(Reuters) – Walt Disney (NYSE:) Co said on Friday it would sell its interests in 21 regional sports networks and Fox College Sports to Sinclair Broadcast Group Inc for $9.6 billion, a deal that clears the way for its purchase of Twenty-First Century Fox Inc’s film and television assets.
The deal will help Sinclair, the largest U.S. broadcast station owner, add channels such as Fox Sports Detroit and Fox Sports Florida to its existing sports business that includes Marquee Sports Network and Ring of Honor Wrestling.
Shares of Sinclair, whose bid for Tribune Media Co collapsed last year following opposition from the Federal Communications Commission, were trading up 14.6 percent at $51.50 in after-hours trading.
Friday’s deal excludes the New York Yankees team’s regional sports network, Yes.
Sinclair plans to make the acquisition through a newly formed indirect subsidiary called Diamond Sports Group LLC.
The company said Byron Allen, CEO of Entertainment Studios, will serve as an equity and content partner in a newly formed indirect wholly-owned unit of Sinclair and an indirect parent of Diamond.
Disney, which closed the acquisition of Fox’s film and television assets in March, had agreed to sell the networks as part of an agreement with the U.S. Department of Justice.
“The news could bring some closure to Disney’s pending obligations regarding the consent decree, while the company continues to take steps to fortify ESPN amid a paradigm shift to direct-to-consumer offerings,” CFRA analyst Tuna Amobi wrote after the Wall Street Journal first reported about the impending deal.
The assets are valued at $10.6 billion, including minority equity interests.
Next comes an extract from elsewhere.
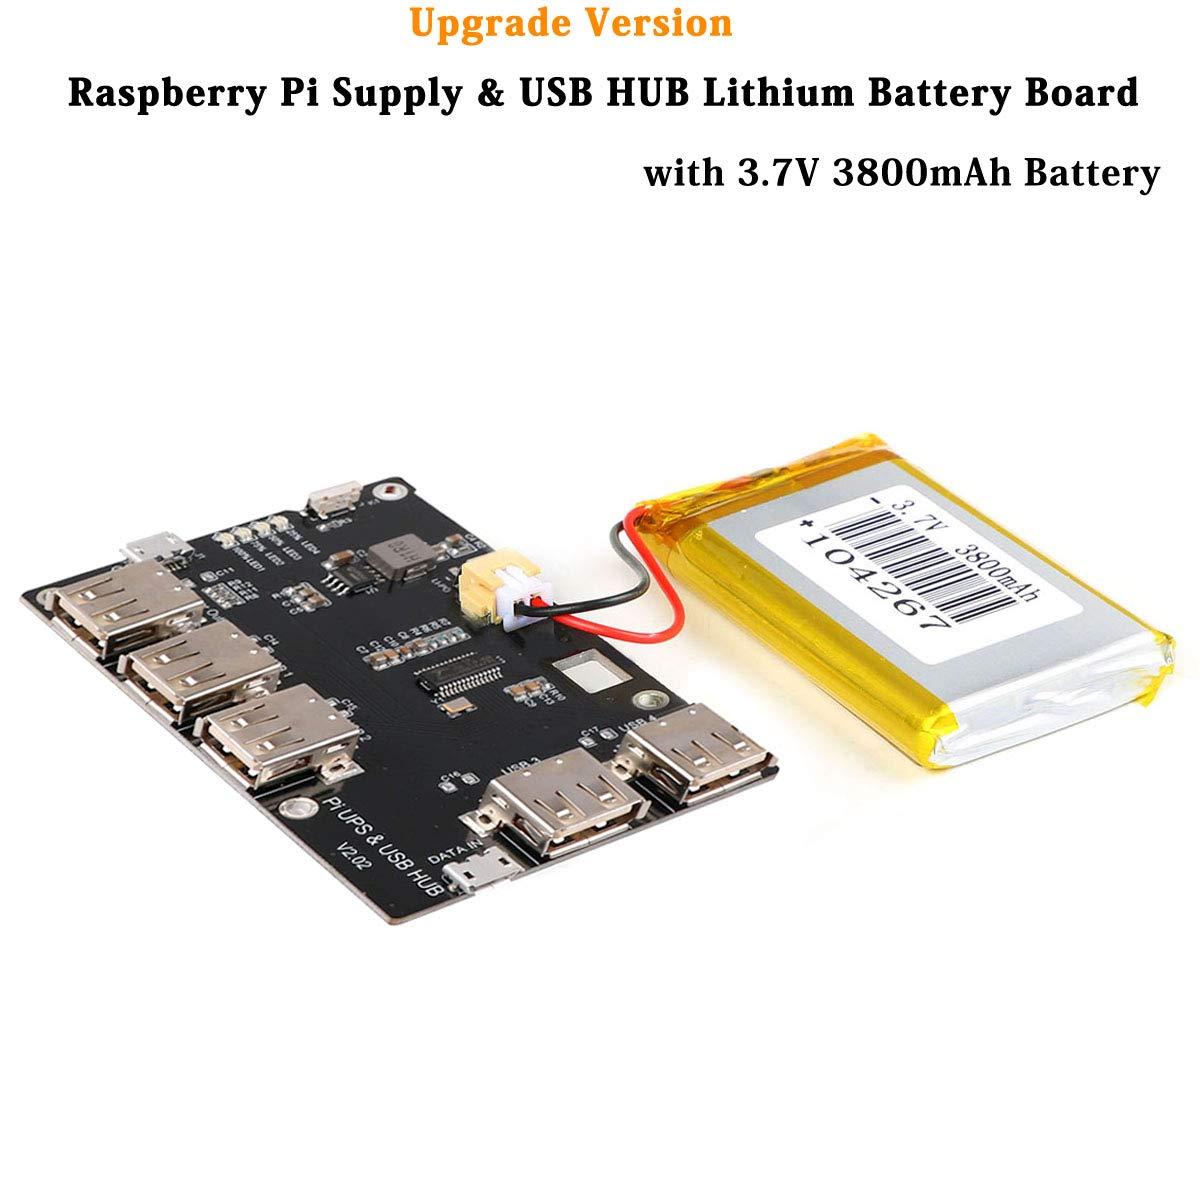 Amazon com: MakerFocus Raspberry Pi Supply & USB HUB 5 Port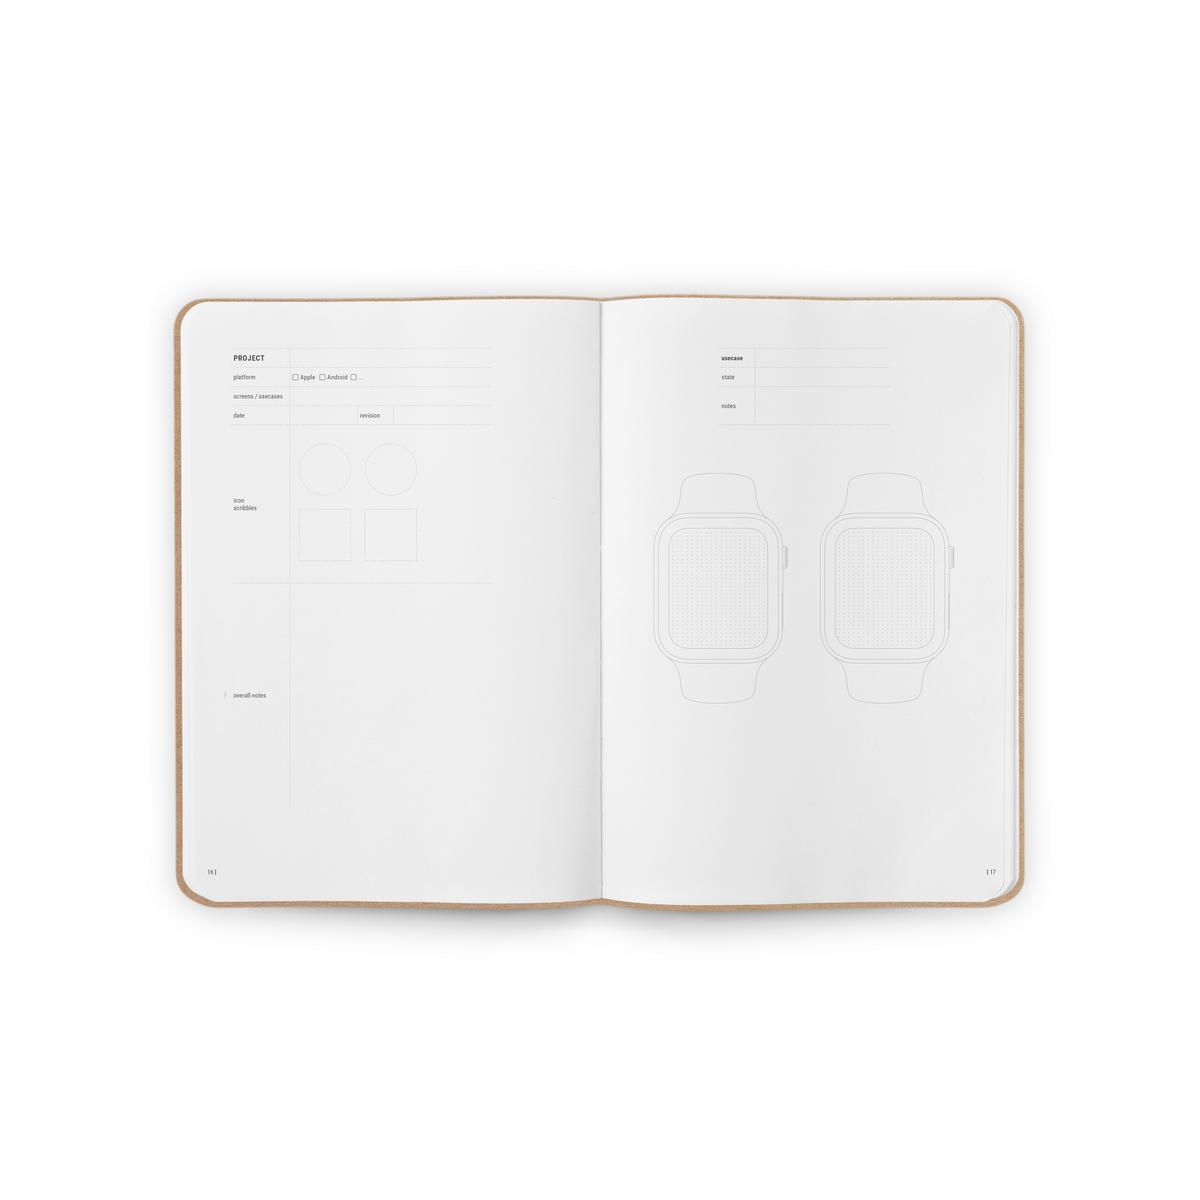 B-115_App-Mockup-Notebook_Stationery_Spread4

The regional sports networks portfolio delivered a combined $3.8 billion in revenue across 74 million subscribers in 2018, the companies said.
“The transaction is expected to be highly accretive to free cash flow and brings consolidated net leverage to 4.7x and 5.1x through the preferred financing,” said Sinclair Chief Executive Officer Chris Ripley.
Diamond or Disney may end the deal if not completed by February 2020, according to a filing.
Completion of the deal is subject to customary closing conditions, including the approval of the U.S. DoJ.
Guggenheim Securities LLC, Deutsche Bank (DE:) Securities Inc, RBC Capital Markets, Pursuit Advisors and Moelis & Co are Sinclair’s financial advisers.